Christianity is incompatible with democracy; and we know that's 
not the case. I think what--not to mention about Japan is an 
excellent example, because no one gave much of a chance for the 
Japanese to have a democratic society. Their culture was much 
more inimical to Western ideas than Arab culture, Islamic 
culture that is. And there were many reasons I think that they 
had to--when they first came up with the idea of democracy, it 
took a letter of around four Japanese characters together to 
make sense of it because they had no concept of what democracy 
was.
    But at the end of the day, what Sharansky is arguing is 
that when people are faced with this choice between fear and 
freedom, they're going to choose freedom.
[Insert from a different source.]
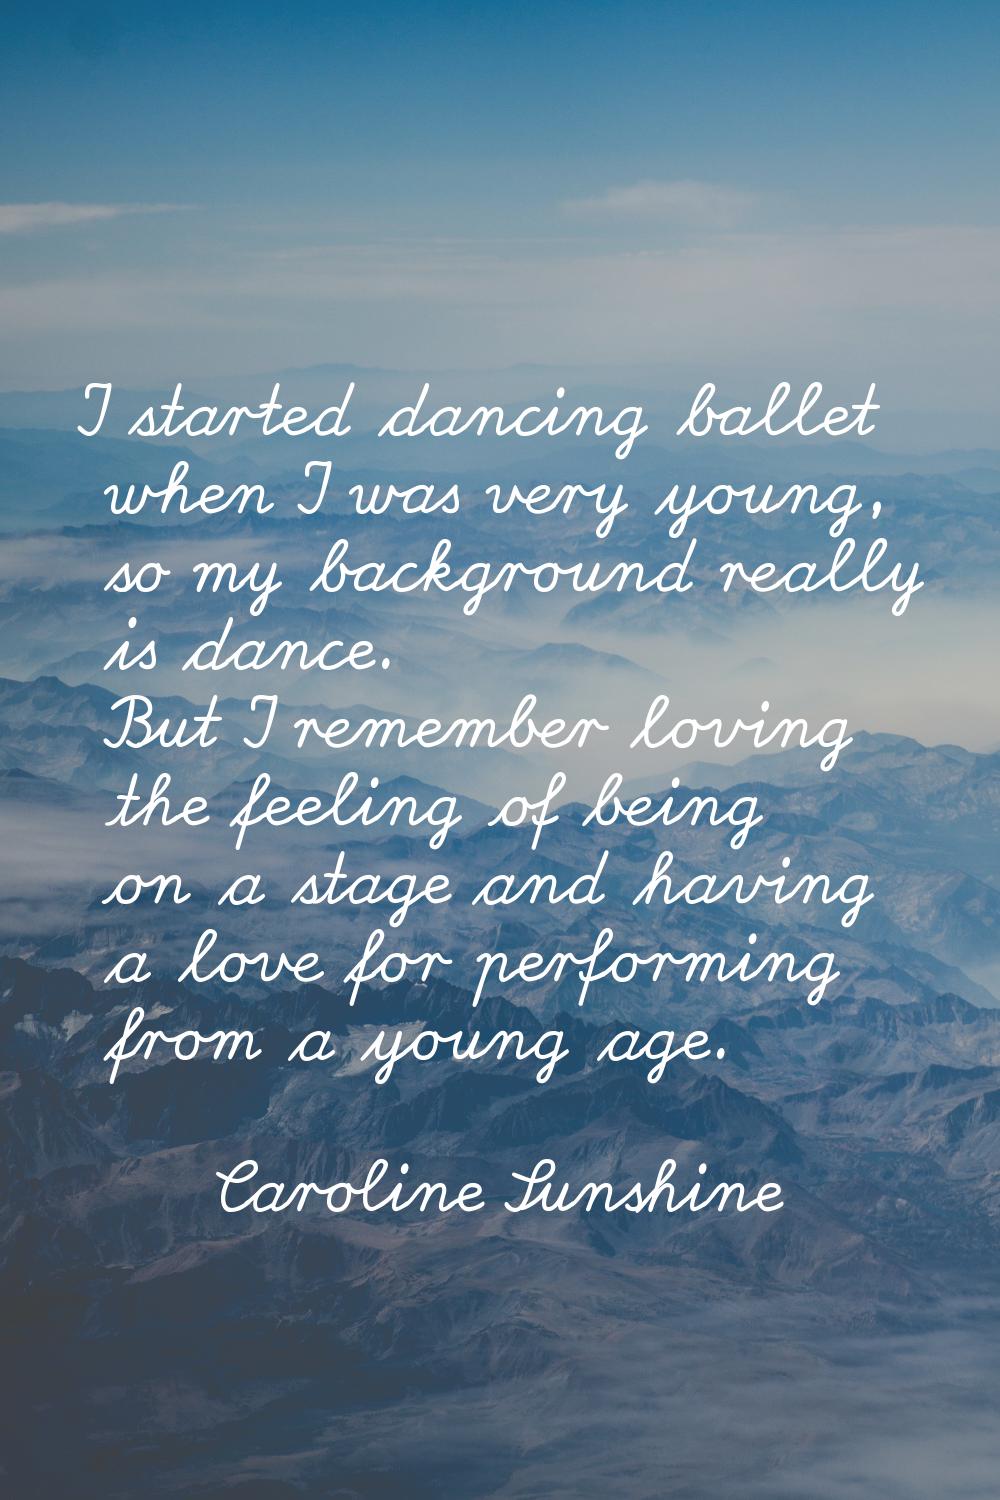 I started dancing ballet when I was very young, so my background really is dance. But I remember lo

It's not because 
they're Jeffersonian democrats, it's because they don't want to 
live their lives in fear. And when we say is Islam compatible 
with democracy, I think the majority of people everywhere don't 
want to be afraid. Whether or not you force people to make a 
choice--let's put it this way: If you force people to make a 
choice, choose Islam or choose democracy--which I think is a 
false choice--well, they will probably choose Islam. But in the 
history, as I understand it, of Christianity's move toward 
democracy, they actually found the seeds of democracy in their 
own faith. John Locke did this, and many other great Christian 
thinkers at the time of the development of democracy. They 
weren't anticlerical, they actually found the seeds of 
democracy in their own faith.
    And I think that the process will probably start happening 
within Islam. And the ascending force in Islam today, which is 
this militant Islamic force that is very hostile to the 
democratic way of life, can be replaced in a rather short 
amount of time by a different force within Islam where Muslims 
start seeing within their own faith the seeds of democratic 
change. And I think that process is happening because of what's 
going on in the region now.
    Mr. Shays. We have about 4 minutes to vote.
    Mr. Ruppersberger, do you intend to come back and ask 
questions? Because I may keep this panel if you decide to come 
back after the vote.
    Mr. Ruppersberger. I think so. It depends.
    Mr. Shays. Well, let me do this, if you don't mind. We are 
just going to ask you to stay. And there just may be one or two 
other questions. Is that a problem for any of you? We're going 
to adjourn and we will be back. We are recessed, not adjourned. 
Good grief.
    [Recess.]
    Mr. Shays. This hearing is called to order.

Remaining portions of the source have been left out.